Socio-Political Rants..

2006_01_30t175452_450x321_us_iraq_hostagNew Video Shows Kidnapped Reporter Weeping
Freelance
writer Jill Carroll is shown in this Sept. 5, 2005, file photo provided
by the Christian Science Monitor. An Arab television channel aired a
silent 20-second videotape Tuesday Jan. 17, 2006 of Carroll, who has
been held hostage in Iraq since Jan. 7, and said an accompanying
message gave the United States 72 hours to free female prisoners in
Iraq or the journalist would be killed. (AP Photo/Christian Science
Monitor, Delphine Minoui)

 

Today is the third day of the new year, we’re supposed to feel good for the first so many days and I am not sure if I am allowed to be all sad yet, but this morning I woke up to see this photo of Jill Carroll and the story of a video of her "Weeping," and I started to. I want to cry not because she is kidnapped, or that she might be killed. Those things are really really sad but it’s also part of her job, it’s a risk she knew she had to take.

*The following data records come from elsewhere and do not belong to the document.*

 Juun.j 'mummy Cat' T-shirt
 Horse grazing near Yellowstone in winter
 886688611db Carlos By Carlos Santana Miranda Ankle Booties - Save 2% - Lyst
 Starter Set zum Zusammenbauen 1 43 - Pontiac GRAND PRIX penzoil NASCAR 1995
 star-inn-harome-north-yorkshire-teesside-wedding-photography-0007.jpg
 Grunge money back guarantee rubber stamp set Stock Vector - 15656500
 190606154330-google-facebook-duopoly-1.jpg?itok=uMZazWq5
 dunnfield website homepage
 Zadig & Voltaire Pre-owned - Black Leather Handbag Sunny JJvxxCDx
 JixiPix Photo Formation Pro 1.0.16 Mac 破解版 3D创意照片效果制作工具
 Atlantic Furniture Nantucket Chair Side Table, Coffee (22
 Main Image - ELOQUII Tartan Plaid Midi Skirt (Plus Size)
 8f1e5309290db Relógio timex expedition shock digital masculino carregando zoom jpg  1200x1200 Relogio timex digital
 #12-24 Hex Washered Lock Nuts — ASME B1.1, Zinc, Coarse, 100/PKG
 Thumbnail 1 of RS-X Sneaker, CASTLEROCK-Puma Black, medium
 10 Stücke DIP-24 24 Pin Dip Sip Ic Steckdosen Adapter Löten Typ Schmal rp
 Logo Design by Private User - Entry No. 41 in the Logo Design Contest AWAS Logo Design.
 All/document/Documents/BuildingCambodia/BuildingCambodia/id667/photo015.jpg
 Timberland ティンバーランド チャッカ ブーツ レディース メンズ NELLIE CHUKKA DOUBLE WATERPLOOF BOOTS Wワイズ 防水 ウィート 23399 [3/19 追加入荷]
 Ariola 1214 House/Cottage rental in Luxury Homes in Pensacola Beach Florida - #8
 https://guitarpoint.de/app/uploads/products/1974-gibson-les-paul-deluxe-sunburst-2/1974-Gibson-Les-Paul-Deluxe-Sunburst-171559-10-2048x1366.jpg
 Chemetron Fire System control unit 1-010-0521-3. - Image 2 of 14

What makes me want to cry is those fundamentalist put her in that black burka, took away her rights, reverted an intelligent career woman, with guts and something to say who once had the freedom to travel and reduced her to their version of "womanhood." And in the most outrageous insult to her dignity part of her "crime," is not only she is a symbol of foreign power but in her life she has subverted what they feel she and all women should be reduced to.

If this photo doesn’t remind me why I am totally supportive of the war in Iraq, putting democracy all over the middle east, and curbing fundamentalist Muslim’s rise to power that’s been left to do so in the last 20 years, I do not know what would. We think something like Margret Atwood’s Hand Maid’s tale is a horrific dark fantasy of speculative fiction, but this photo shows that it’s actually possible for a woman to wake up one day and have all her rights stripped away from her, made to wear clothes that remove her sexuality, her identity and her freedom right this moment in history.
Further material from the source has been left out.